Hartnell was brought up partly by a foster mother, and also spent many holidays in Devon with his mother's family of farmers, from whom he learned to ride horses. Reportedly, Hartnell had a fall and was kicked by a horse. An unspecified person applied disinfectant to the open wound in an apparent attempt to cleanse it. However, the disinfectant was of a type unsuitable for first aid purposes and caused blisters. The end result was a more serious wound than would have otherwise occurred. That left him with a large scar on his temple, which is visible in some of his stills shots even though it was covered with make-up during filming. He was a second cousin of the fashion designer Norman Hartnell.

Hartnell left school without prospects and dabbled in petty crime. At the age of 16, he met the art collector Hugh Blaker, who later became his unofficial guardian, arranged for him to train as a jockey, and helped him to enter the Italia Conti Academy. Theatre being a passion of Blaker's, he paid for Hartnell to receive some "polish" at the Imperial Service College, though Hartnell found the strictures too much and ran away.  When Hartnell married, he and his wife continued to live in one of Blaker's adjacent properties at Isleworth and their daughter was born there in 1929.

Career

Early career
Hartnell entered the theatre in 1925 working under Frank Benson as a general stagehand. He appeared in numerous Shakespearian plays, including The Merchant of Venice (1926), Julius Caesar (1926), As You Like It (1926), Hamlet (1926), The Tempest (1926) and Macbeth (1926).  He also appeared in She Stoops to Conquer (1926), The School for Scandal (1926) and Good Morning, Bill (1927), before performing in Miss Elizabeth's Prisoner (1928). This play was written by Robert Neilson Stephens and E. Lyall Swete. It featured the actress Heather McIntyre, whom he married during the following year. His first of more than 60 film appearances was in Say It With Music (1932).

Radio work also featured in his career, with his earliest known performance – in a production of Chinese Moon Party – being broadcast by the BBC on 11 May 1931.

From the outbreak of the Second World War, Hartnell attempted to volunteer for the RAF. He served in the British Army in the Tank Corps, but he was invalided out after 18 months as the result of a nervous breakdown and returned to acting. In 1942, he was cast as Albert Fosdike in Noël Coward's film In Which We Serve. He turned up late for his first day of shooting, and Coward berated him in front of the cast and crew for his unprofessionalism, made him personally apologise to everyone and then sacked him. Michael Anderson, who was the first assistant director, took over the part (and was credited as "Mickey Anderson").

Hartnell continued to play comic characters until he was cast in the robust role of Sergeant Ned Fletcher in The Way Ahead (1944). From then on, his career was defined by playing mainly policemen, soldiers and thugs.
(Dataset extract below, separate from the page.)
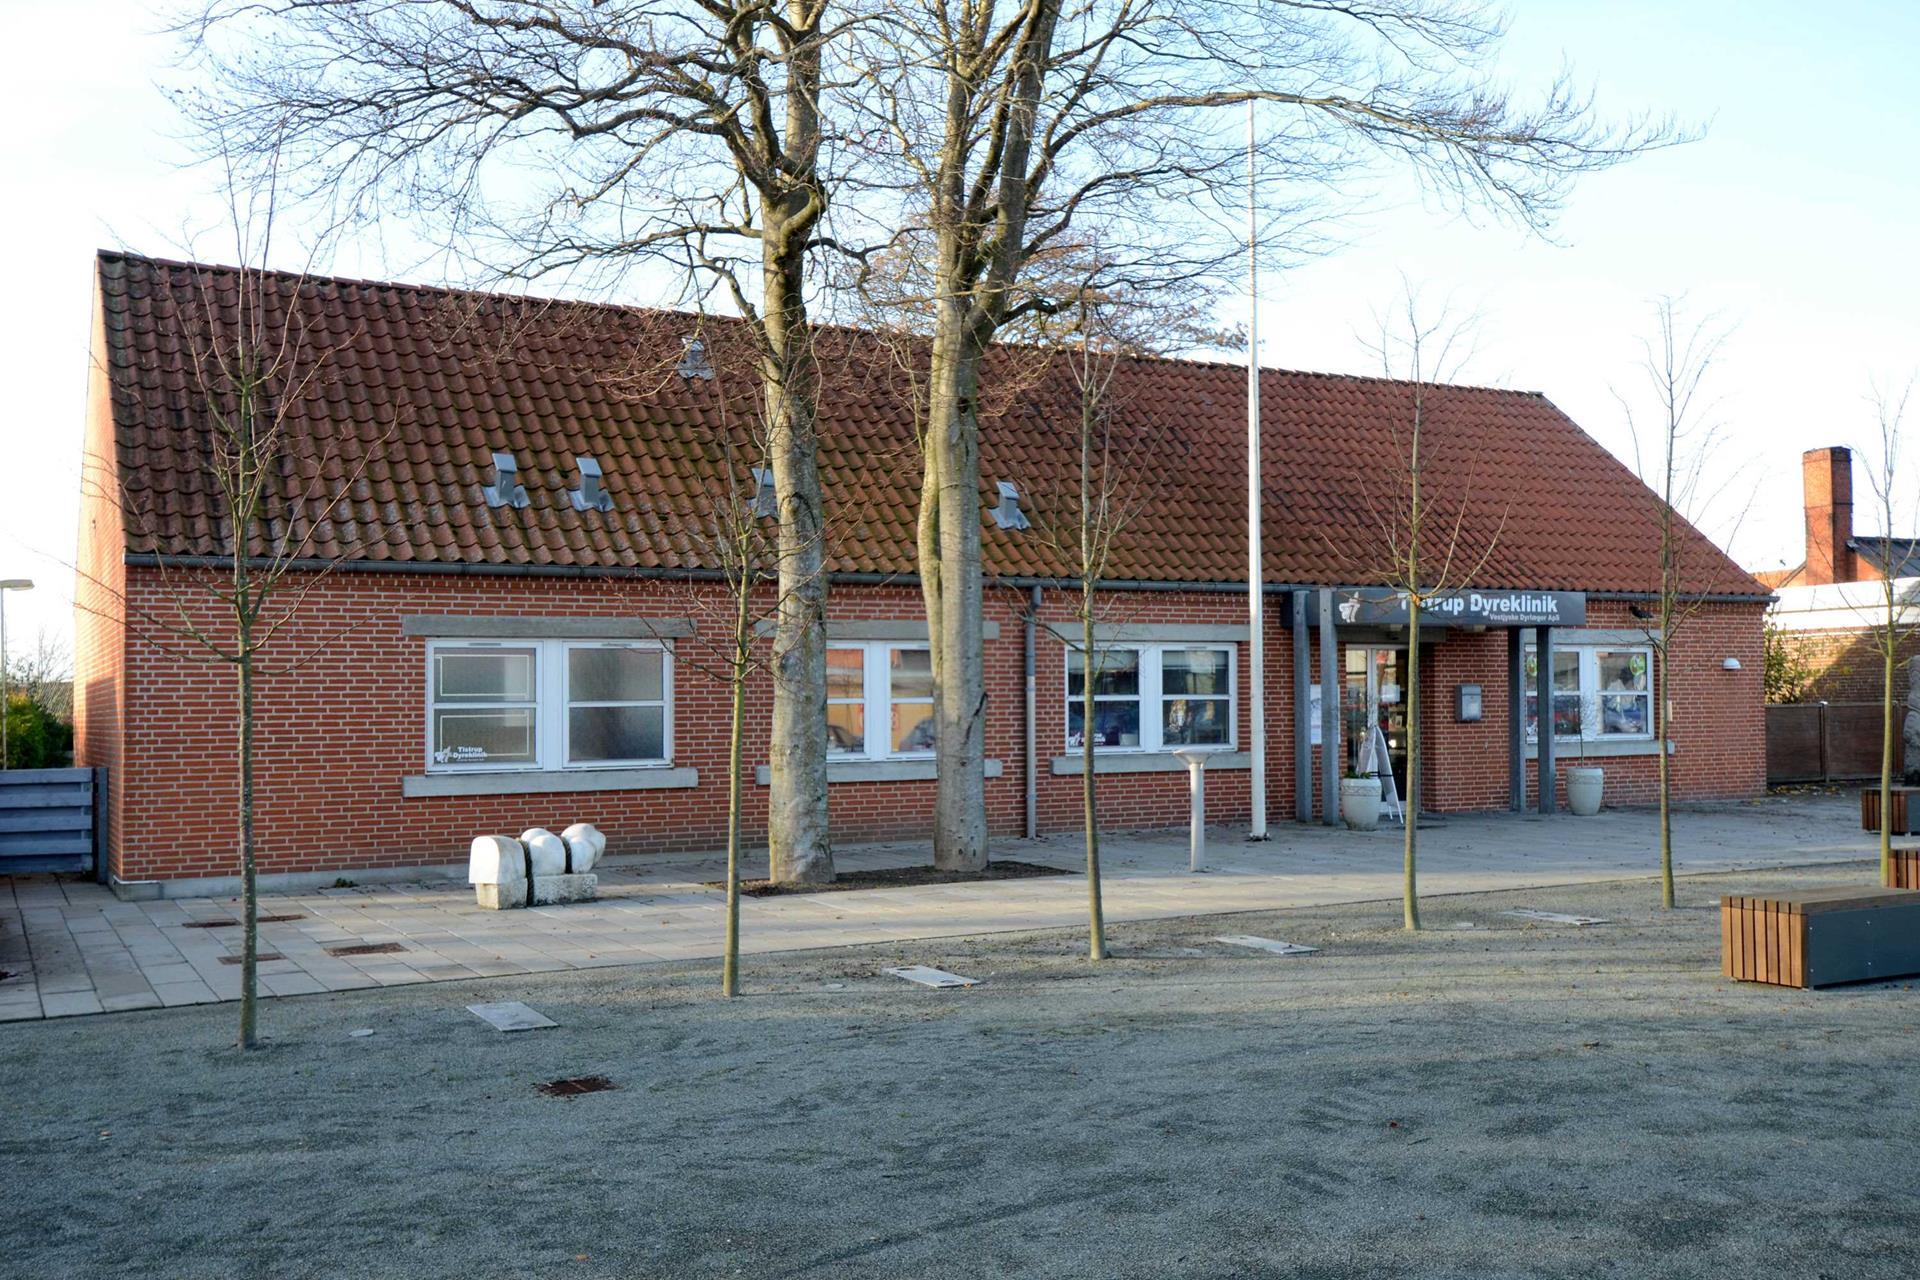 Bolig/erhverv på Torvet i Tistrup - Facade

This typecasting bothered him, for even when he was cast in comedies he found he invariably played the "heavy". In 1958, he played the sergeant in the first Carry On comedy film, Carry On Sergeant. He appeared as serjeant-at-arms of Grand Fenwick Will Buckley, another military character, in the film The Mouse That Roared (1959), which starred Peter Sellers, and he played a town councillor in the Boulting brothers' film Heavens Above! (1963), again with Sellers.

His first regular role on television was as Sergeant Major Percy Bullimore in The Army Game in 1957. He left after the first season and returned for the final season in 1961. Again, although it was a comedy series, he found himself cast in a "tough guy" role. He also appeared in a supporting role in the film version of This Sporting Life (1963), giving a sensitive performance as an ageing rugby league talent scout known as "Dad".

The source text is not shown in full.